- GIVEN DATA
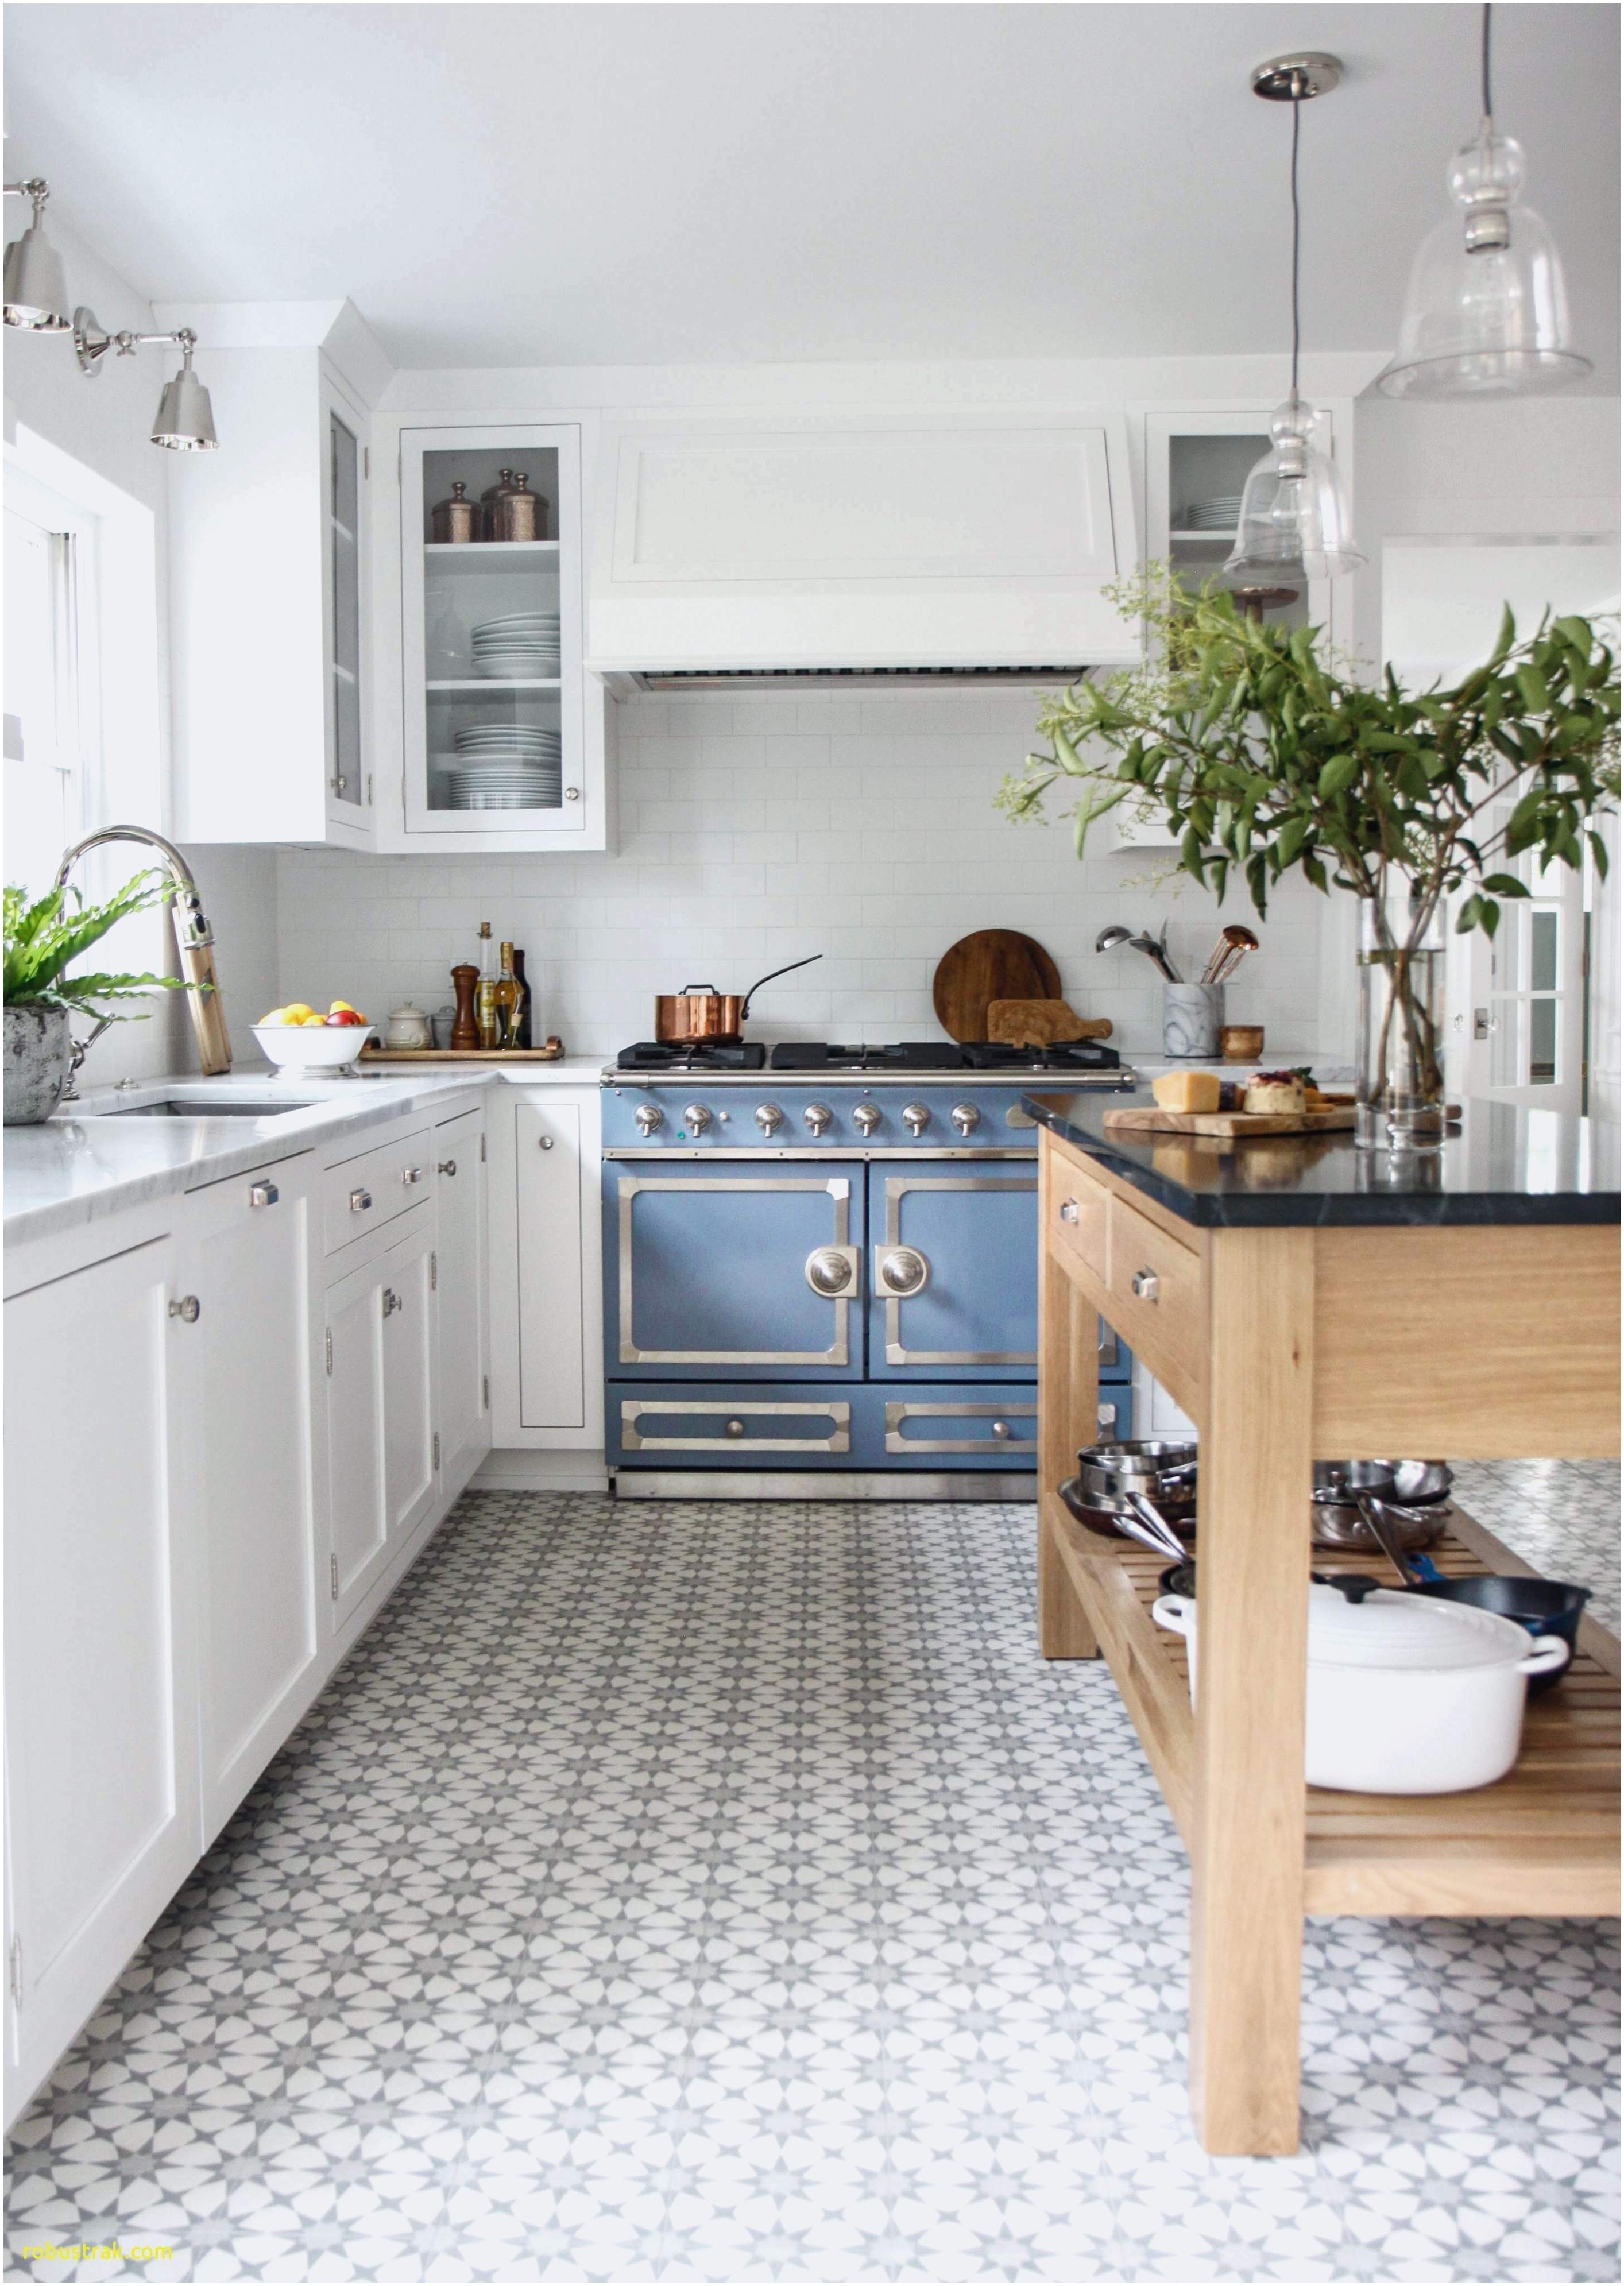 track lighting inspirational to luxury modern bedroom kitchen design modern new exclusive kitchen designs alluring kitchen
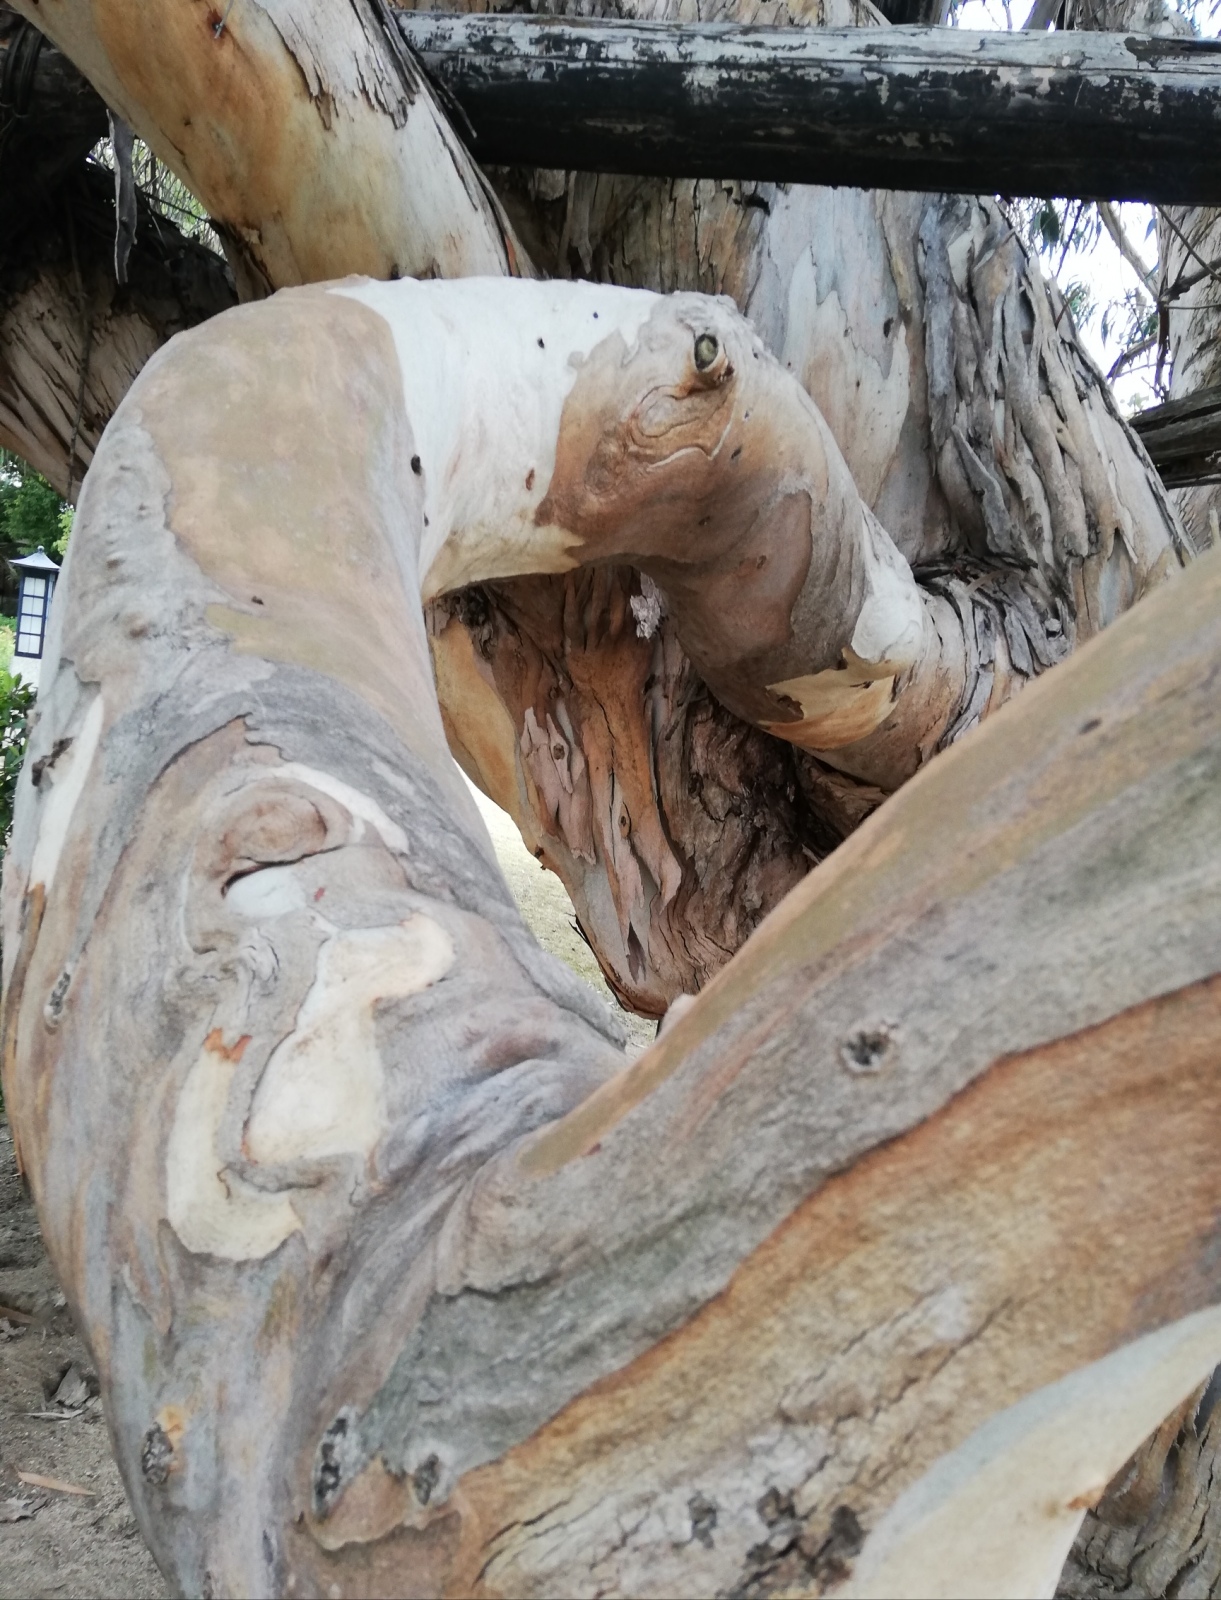 Wood of eucalyptus
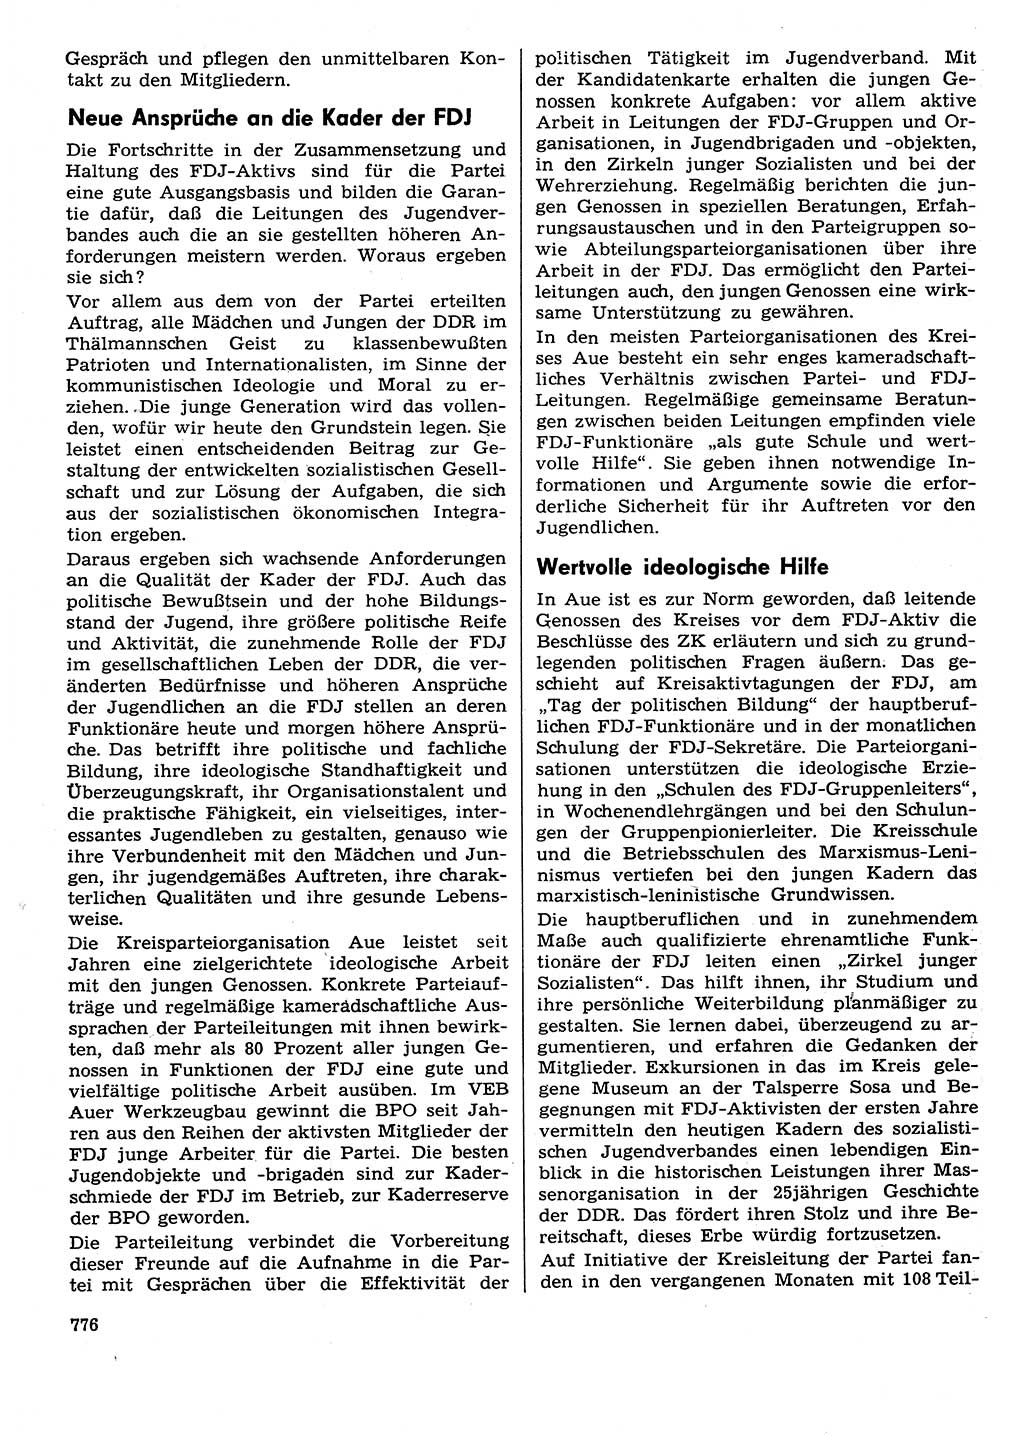 Neuer Weg (NW), Organ des Zentralkomitees (ZK) der SED (Sozialistische Einheitspartei Deutschlands) für Fragen des Parteilebens, 29. Jahrgang [Deutsche Demokratische Republik (DDR)] 1974, Seite 776 (NW ZK SED DDR 1974, S. 776)

- REQUIRED WORK
Leave the pictures out and output the rest of the listing exactly.

- ANSWER TO THIS PROBLEM
 track lighting inspirational to luxury modern bedroom kitchen design modern new exclusive kitchen designs alluring kitchen
 Wood of eucalyptus
 Neuer Weg (NW), Organ des Zentralkomitees (ZK) der SED (Sozialistische Einheitspartei Deutschlands) für Fragen des Parteilebens, 29. Jahrgang [Deutsche Demokratische Republik (DDR)] 1974, Seite 776 (NW ZK SED DDR 1974, S. 776)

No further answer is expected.